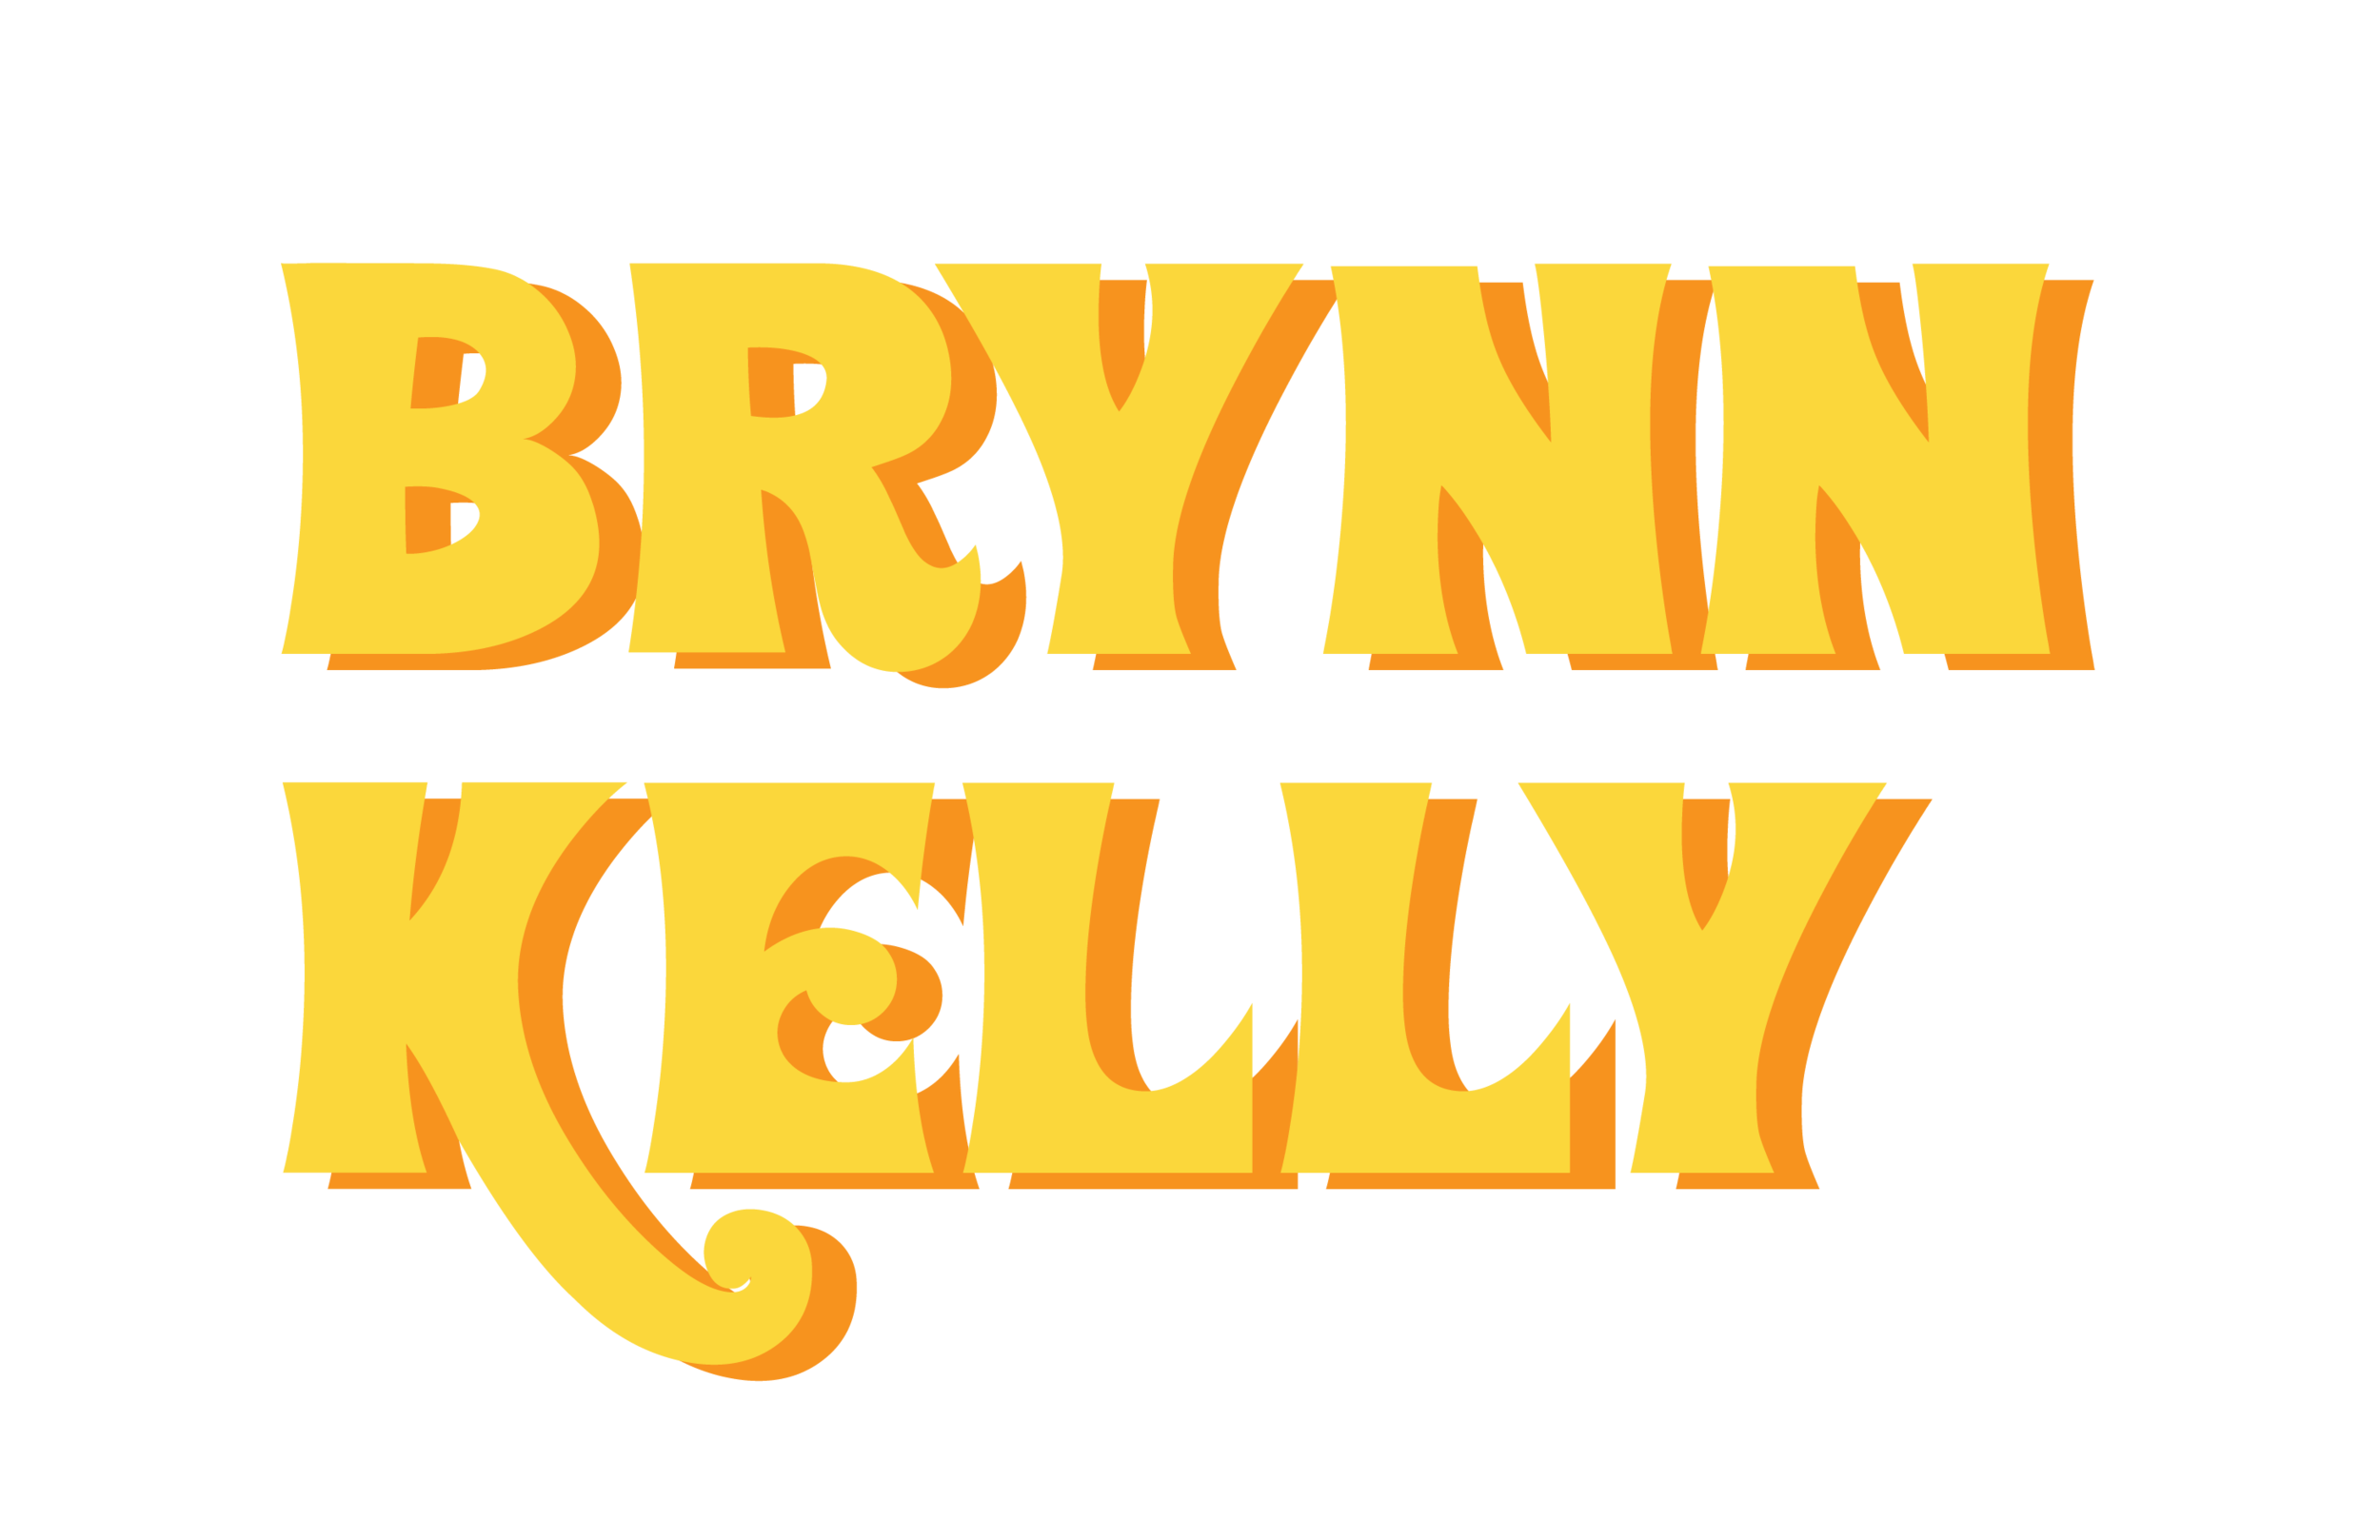 Brynn Kelly
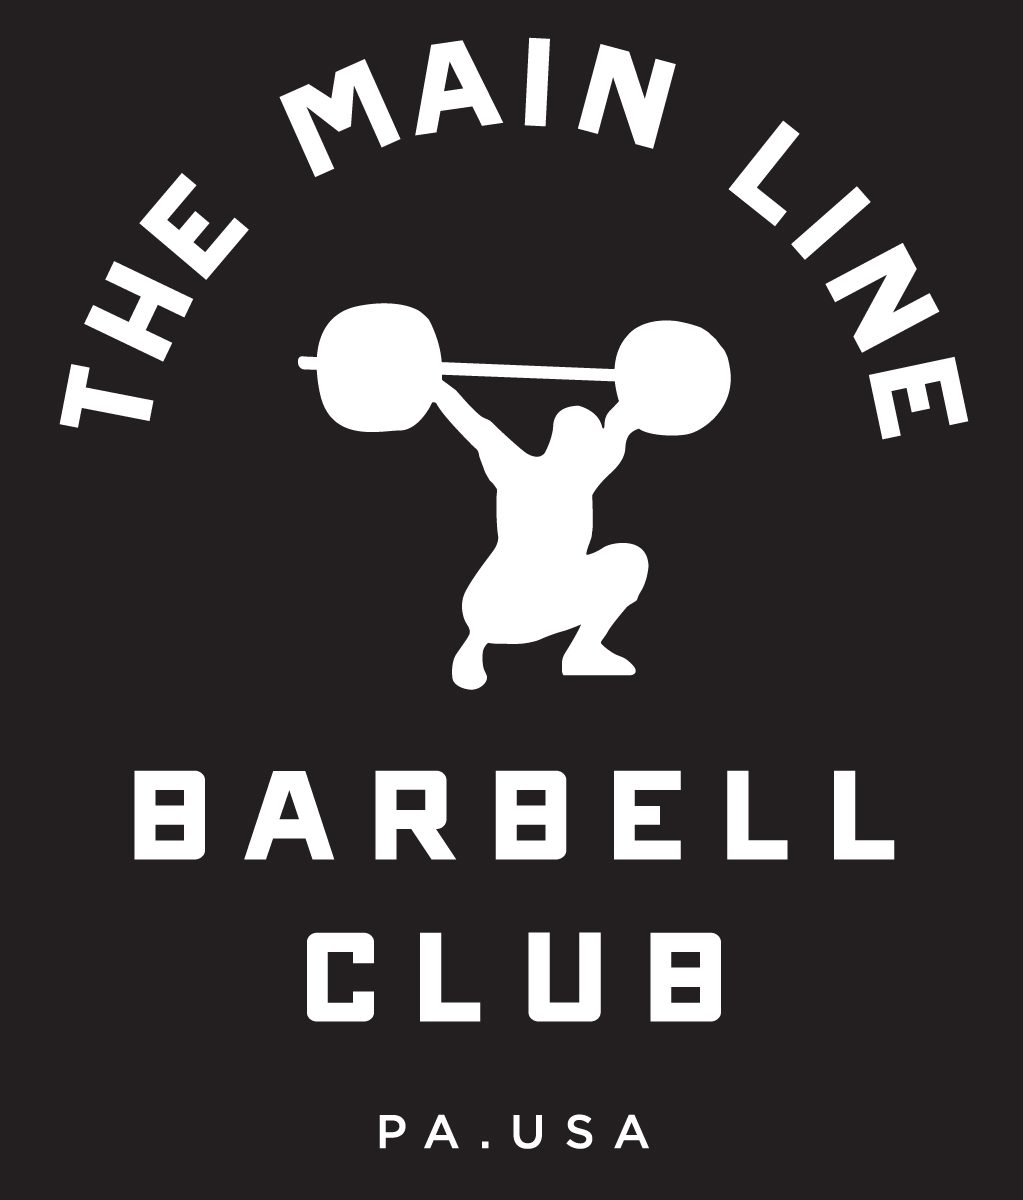 Week of 9.12.16 Barbell Club
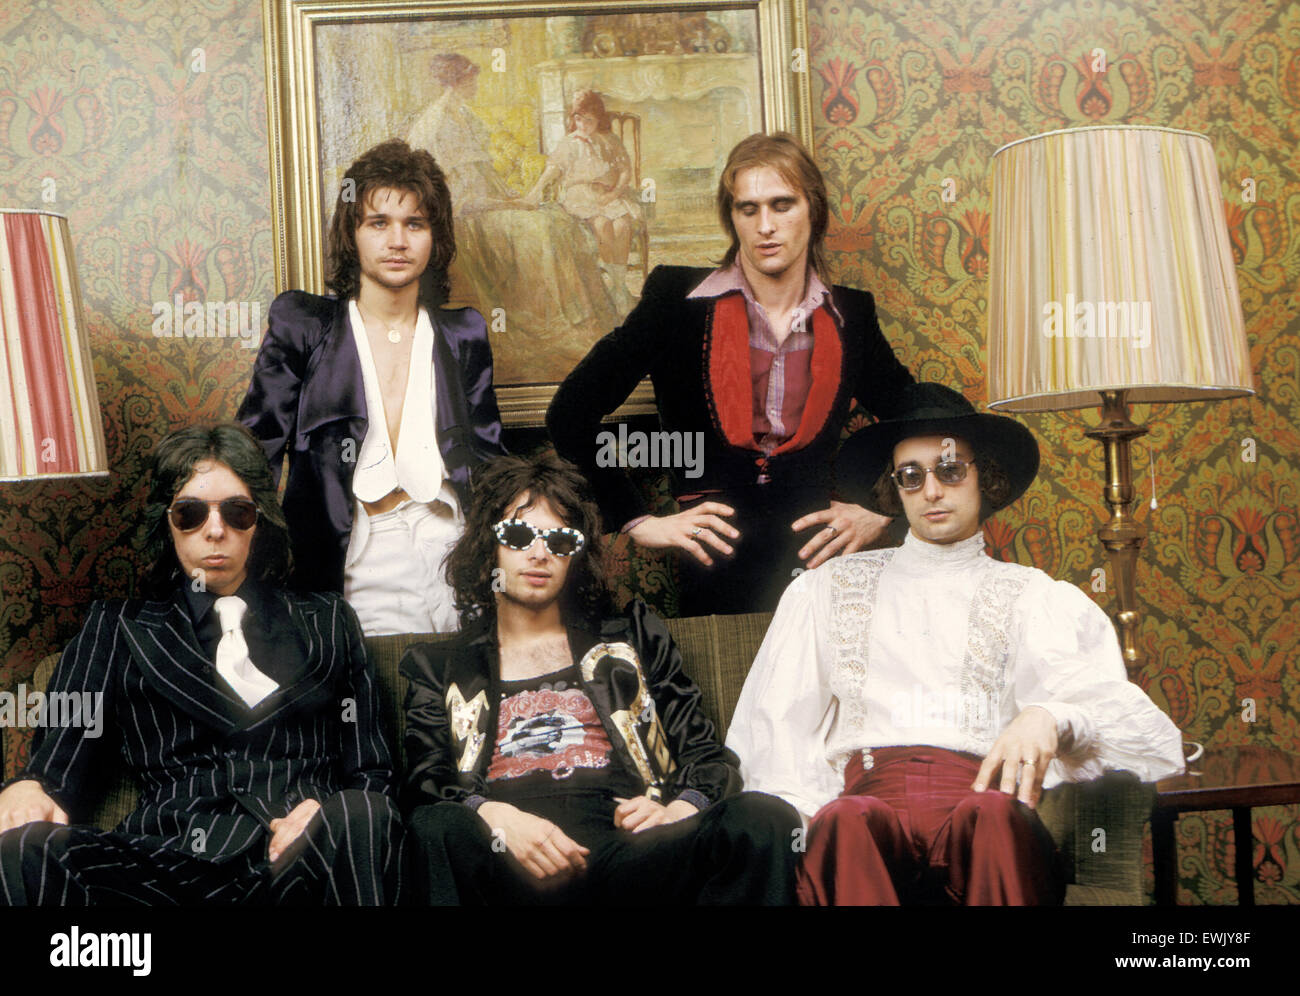 COCKNEY REBEL UK rock group with Steve Harley in 1974 Stock Photo
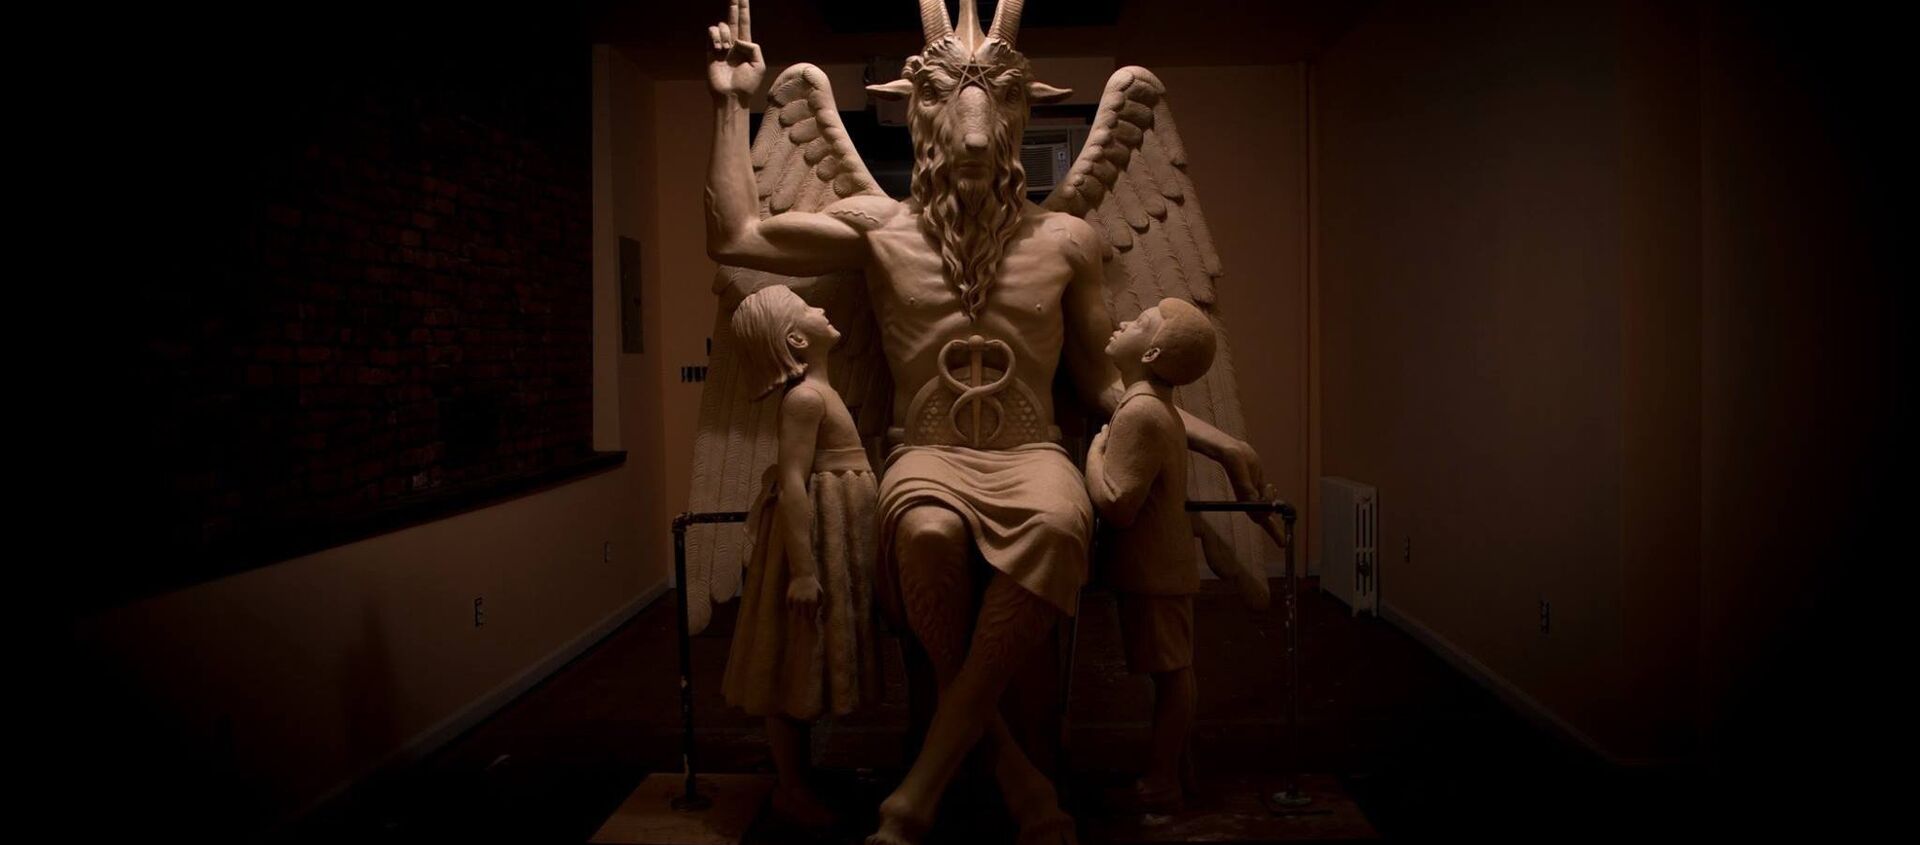 Michigan'daki Satanist Tapınağı'nda bulunan Bafomet heykeli - Sputnik Türkiye, 1920, 27.07.2015

TASK TO COMPLETE: I would like you to set down the lines above, from the one containing "COCKNEY REBEL UK" to the final line, exactly as written and without pictures.

SOLUTION:
 COCKNEY REBEL UK rock group with Steve Harley in 1974 Stock Photo
 Michigan'daki Satanist Tapınağı'nda bulunan Bafomet heykeli - Sputnik Türkiye, 1920, 27.07.2015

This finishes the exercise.